= Hitchin–Thorpe inequality =

In differential geometry the Hitchin-Thorpe inequality is a relation which restricts the topology of 4-manifolds that carry an Einstein metric.

== Statement of the Hitchin-Thorpe inequality ==
Let M be a closed, oriented, four-dimensional smooth manifold. If there exists a Riemannian metric on M which is an Einstein metric, then
 $\chi(M) \geq \frac{3}{2}|\tau(M)|,$
where χ(M) is the Euler characteristic of M and τ(M) is the signature of M.

This inequality was first stated by John Thorpe in a footnote to a 1969 paper focusing on manifolds of higher dimension. Nigel Hitchin then rediscovered the inequality, and gave a complete characterization of the equality case in 1974; he found that if (M, g) is an Einstein manifold for which equality in the Hitchin-Thorpe inequality is obtained, then the Ricci curvature of g is zero; if the sectional curvature is not identically equal to zero, then (M, g) is a Calabi–Yau manifold whose universal cover is a K3 surface.
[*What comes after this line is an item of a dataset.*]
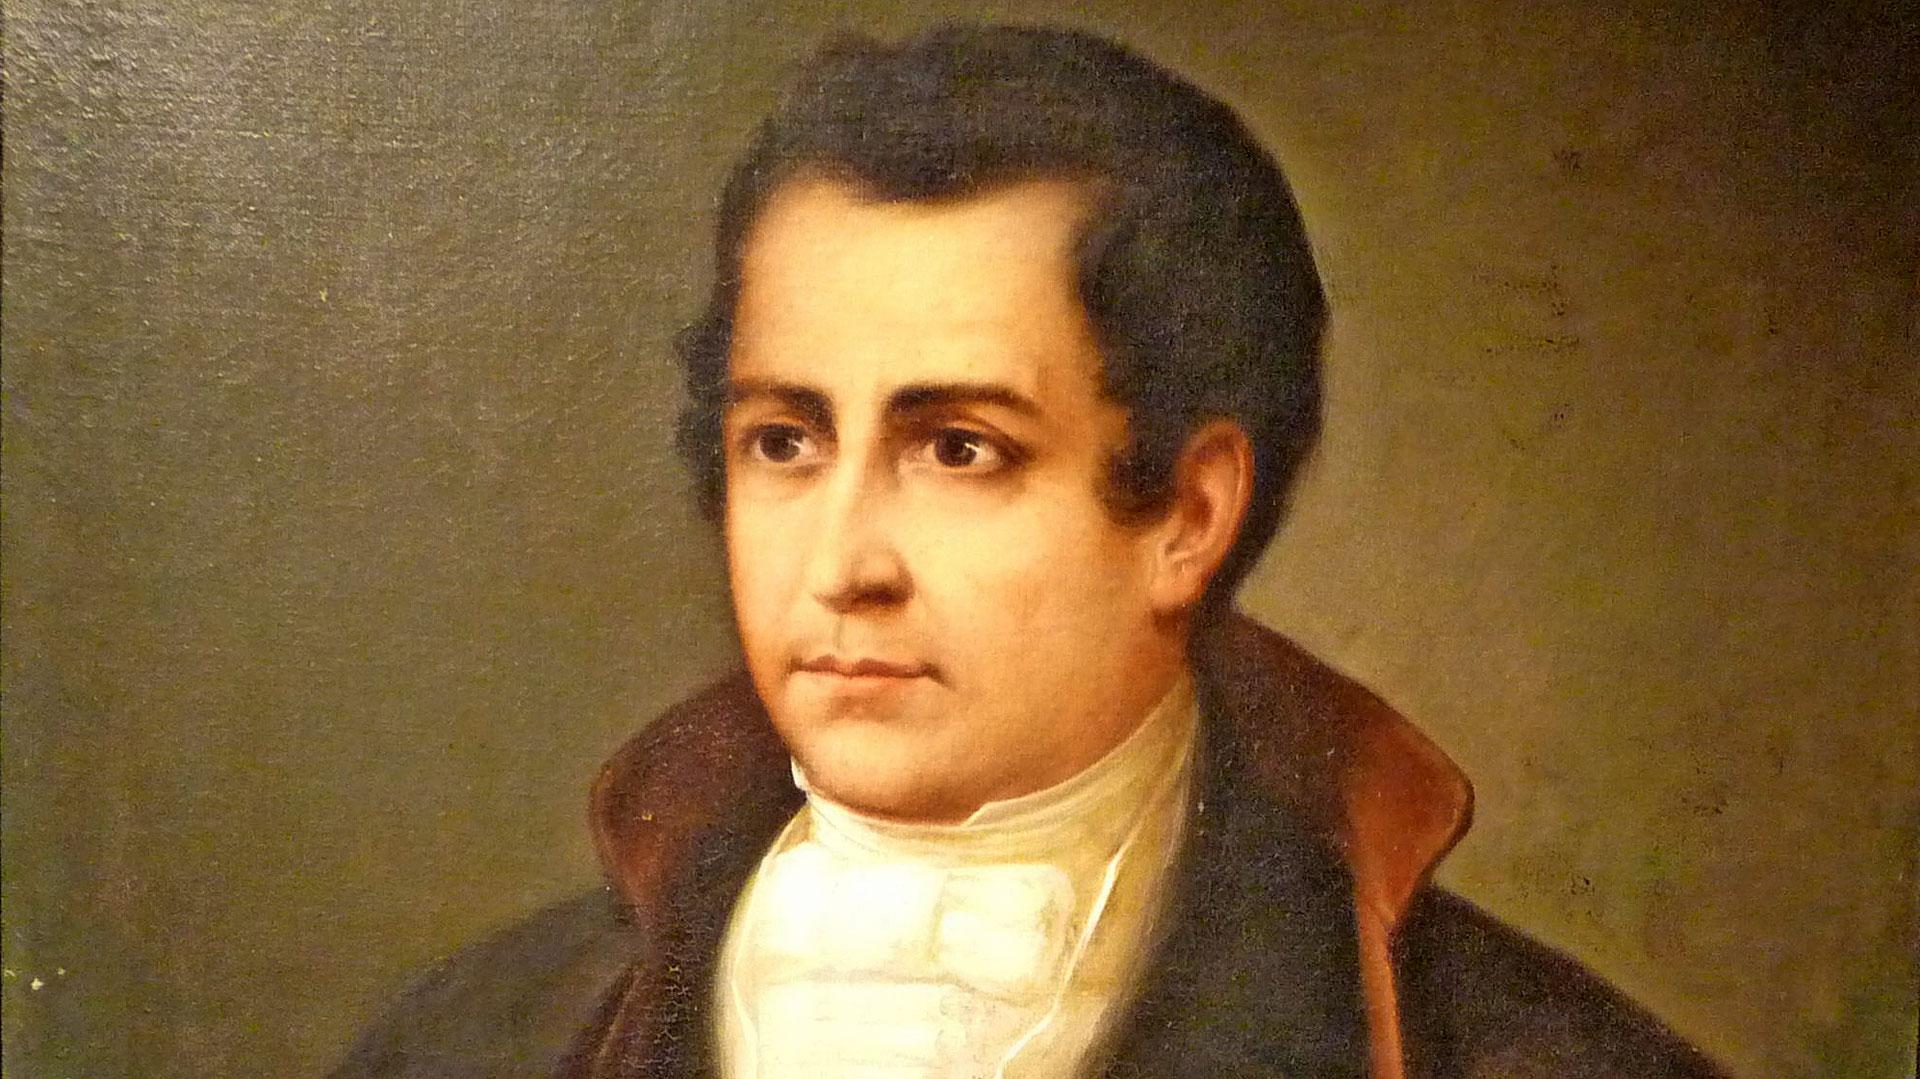 La misteriosa muerte de Mariano Moreno - Infobae

Already in 1961, Marcel Berger showed that the Euler characteristic is always non-negative.

== Proof ==
Let (M, g) be a four-dimensional smooth Riemannian manifold which is Einstein. Given any point p of M, there exists a g_{p}-orthonormal basis e_{1}, e_{2}, e_{3}, e_{4} of the tangent space T_{p}M such that the curvature operator Rm_{p}, which is a symmetric linear map of ∧^{2}T_{p}M into itself, has matrix
$$\begin{pmatrix}\lambda_1&0&0&\mu_1&0&0\\ 0&\lambda_2&0&0&\mu_2&0\\ 0&0&\lambda_3&0&0&\mu_3\\ \mu_1&0&0&\lambda_1&0&0\\ 0&\mu_2&0&0&\lambda_2&0\\ 0&0&\mu_3&0&0&\lambda_3\end{pmatrix}$$
relative to the basis e_{1} ∧ e_{2}, e_{1} ∧ e_{3}, e_{1} ∧ e_{4}, e_{3} ∧ e_{4}, e_{4} ∧ e_{2}, e_{2} ∧ e_{3}. One has that μ_{1} + μ_{2} + μ_{3} is zero and that λ_{1} + λ_{2} + λ_{3} is one-fourth of the scalar curvature of g at p. Furthermore, under the conditions λ_{1} ≤ λ_{2} ≤ λ_{3} and μ_{1} ≤ μ_{2} ≤ μ_{3}, each of these six functions is uniquely determined and defines a continuous real-valued function on M.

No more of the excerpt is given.